Contact: Keith Chu (202) 224-4515
Lindsay Nothern (208) 334-1776
Wyden, Crapo Lead Bipartisan Finance Committee Senators Calling for Real Relief for U.S. Softwood Lumber Mills and Producers
Urge More Consultations with Finance Committee
WASHINGTON – Senate Finance Committee Ranking Member Sen. Ron Wyden, D-Ore., and Sen. Mike Crapo, R-Idaho, today released a bipartisan letter from seven members of the Senate Finance Committee calling for a clean quota agreement to address unfairly traded softwood lumber from Canada, one that provides real relief for U.S. mills and wood product companies.
Sen. Mike Enzi, R-Wyo., Sen. Debbie Stabenow, D-Mich., Sen. Johnny Isakson, R-Ga., Sen. Mark Warner, D-Va., and Sen. Mike Bennet, D-Colo., joined the letter to Commerce Secretary Wilbur Ross and U.S. Trade Representative Robert Lighthizer.
“Any long-term agreement must stop the harmful effects of subsidized and unfairly traded Canadian lumber on fair competition with the U.S. producers,” the members wrote.
The members also urged close consultations with the Finance Committee.
“The Senate Finance Committee must be briefed fully and regularly on the details of proposals before they are made to Canada.

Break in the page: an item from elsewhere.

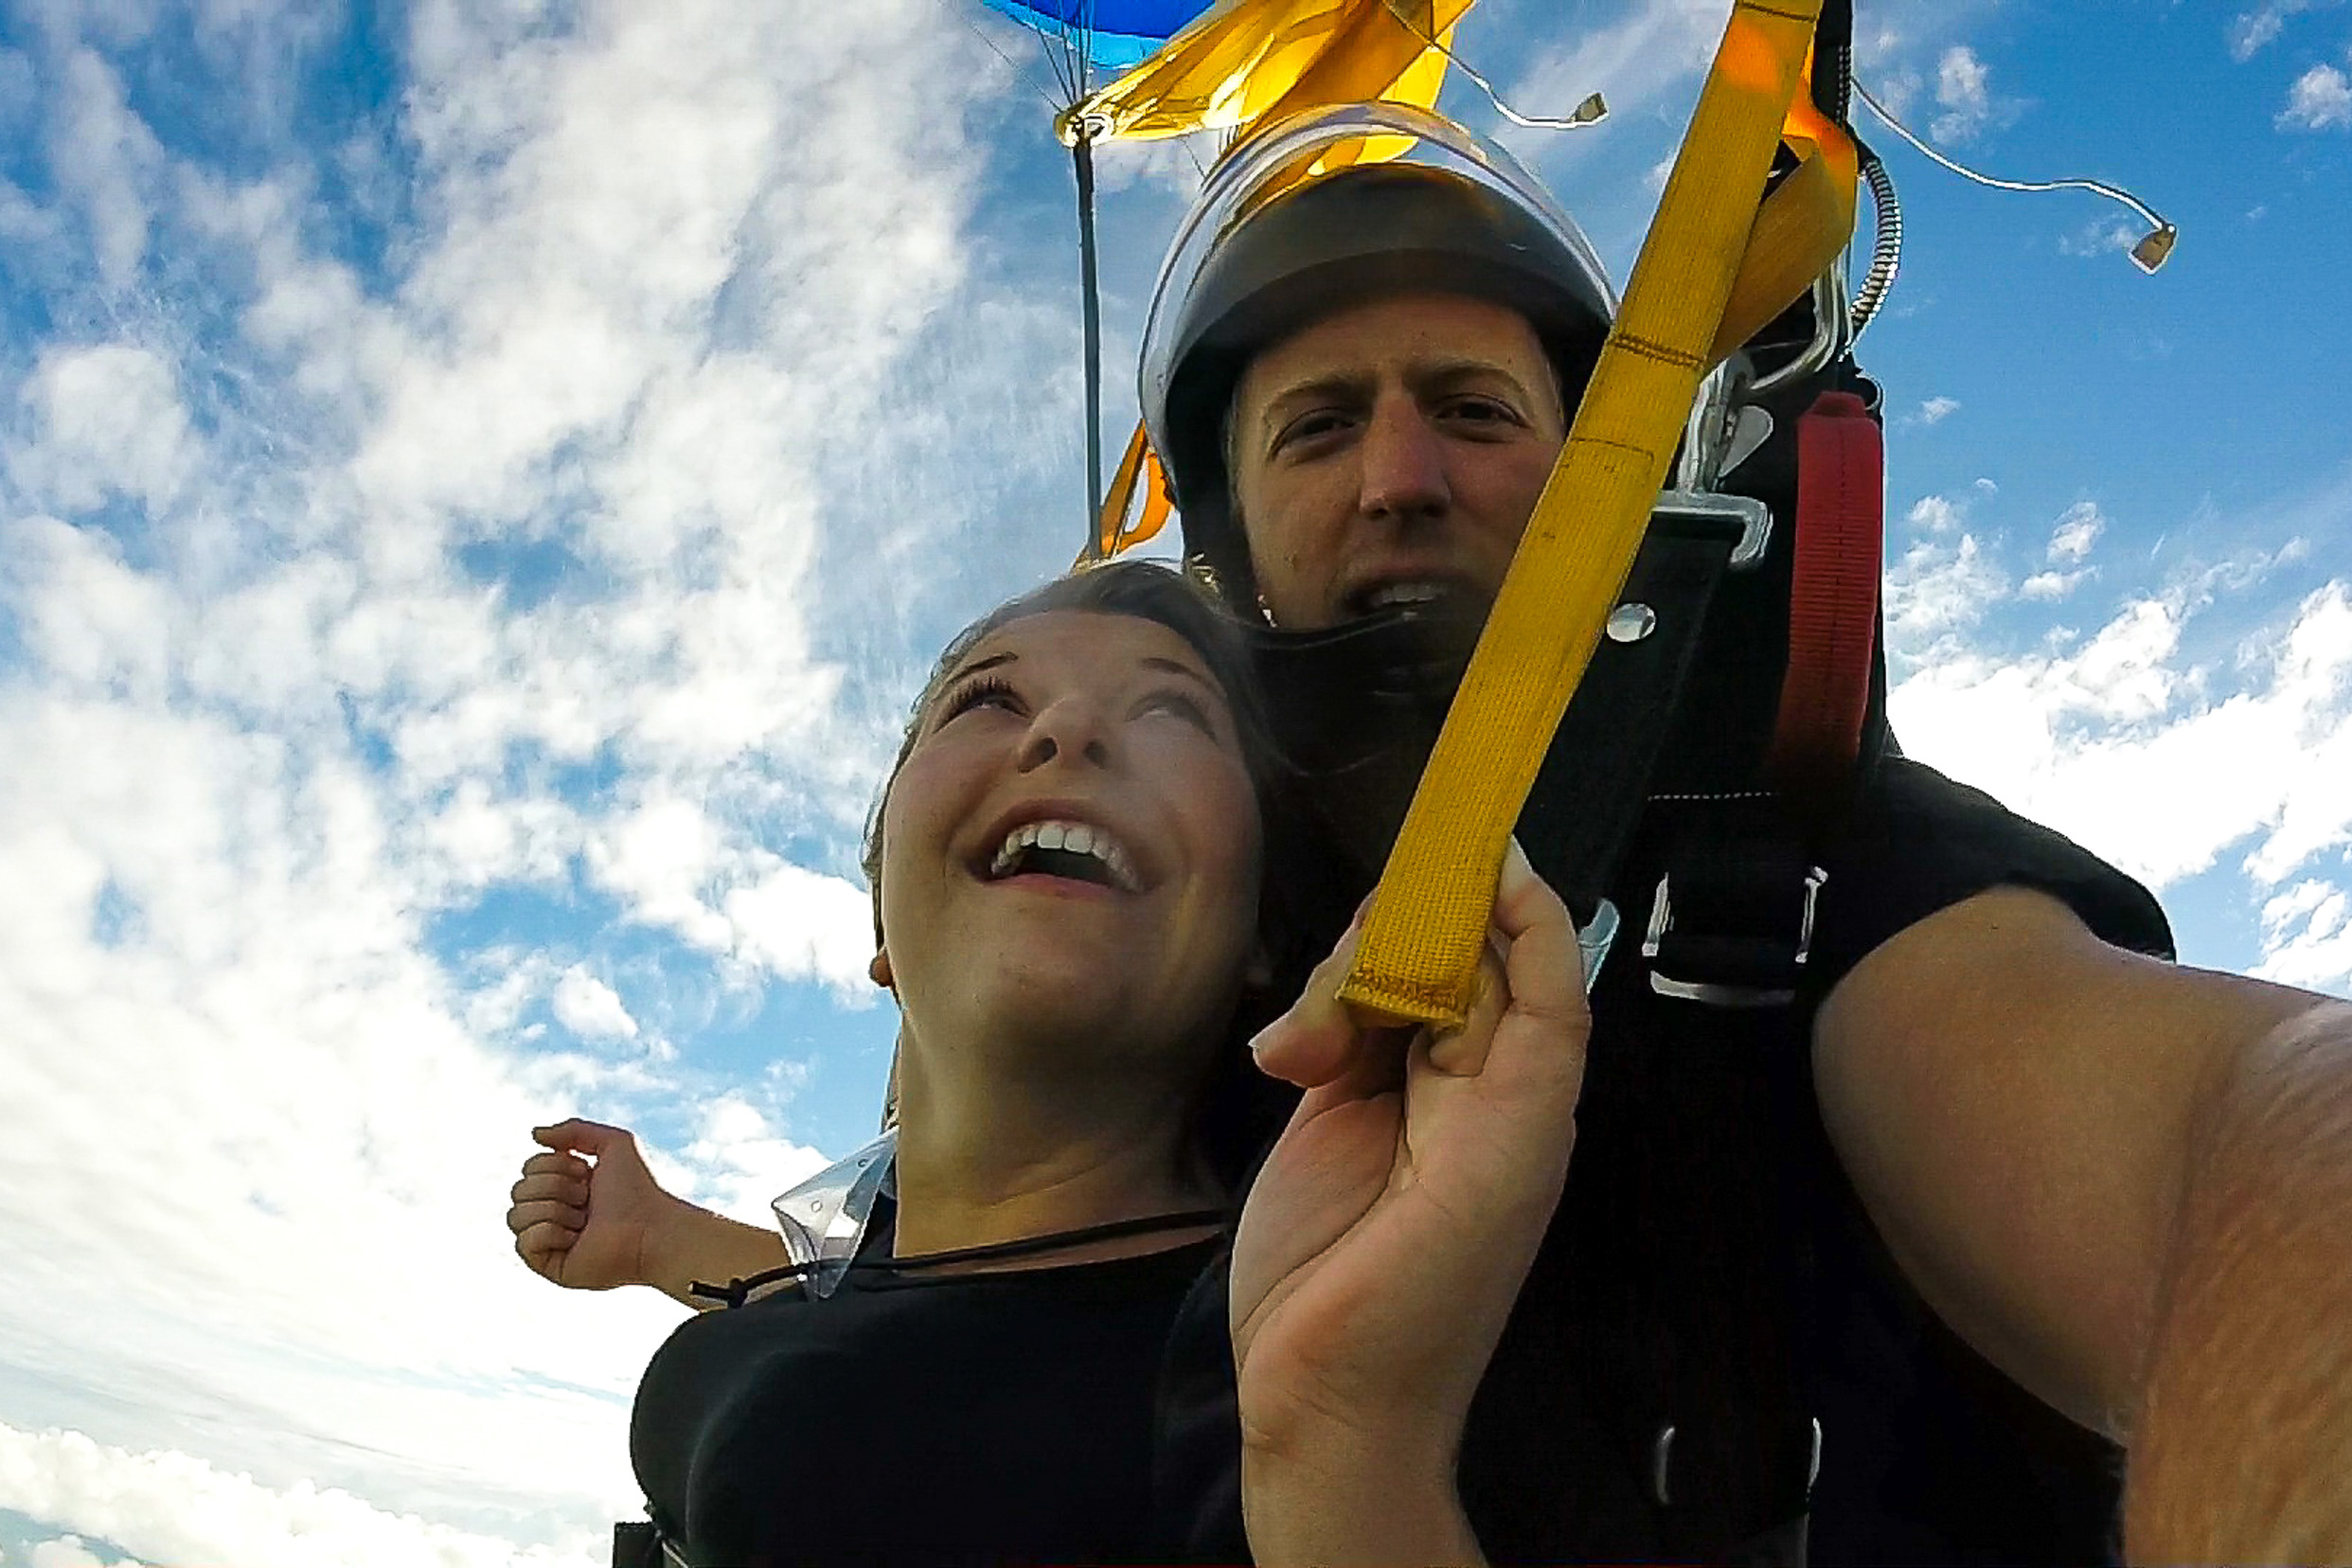 saut en parachute whitsunday islands skydive

The confidence of the public in any proposed agreement can only be secured through meaningful engagement with the people’s representatives in Congress.”
The U.S. and Canada are currently negotiating a new softwood lumber agreement. At the same time, U.S. companies are challenging Canada’s practice of heavily subsidizing lumber production and selling dumped and subsidized products in the U.S. market, destroying American jobs in the process.
“The American economy depends on a vibrant domestic lumber industry – from the thousands of workers tied to the wood industry and many private landowners managing forestlands that provide material for mills. Completing a fair agreement will support these jobs and the American economy, particularly in rural communities across the nation. It is also an issue of fairness in trade and competition, a principle that must be upheld and backed by enforcement of U.S. trade laws.”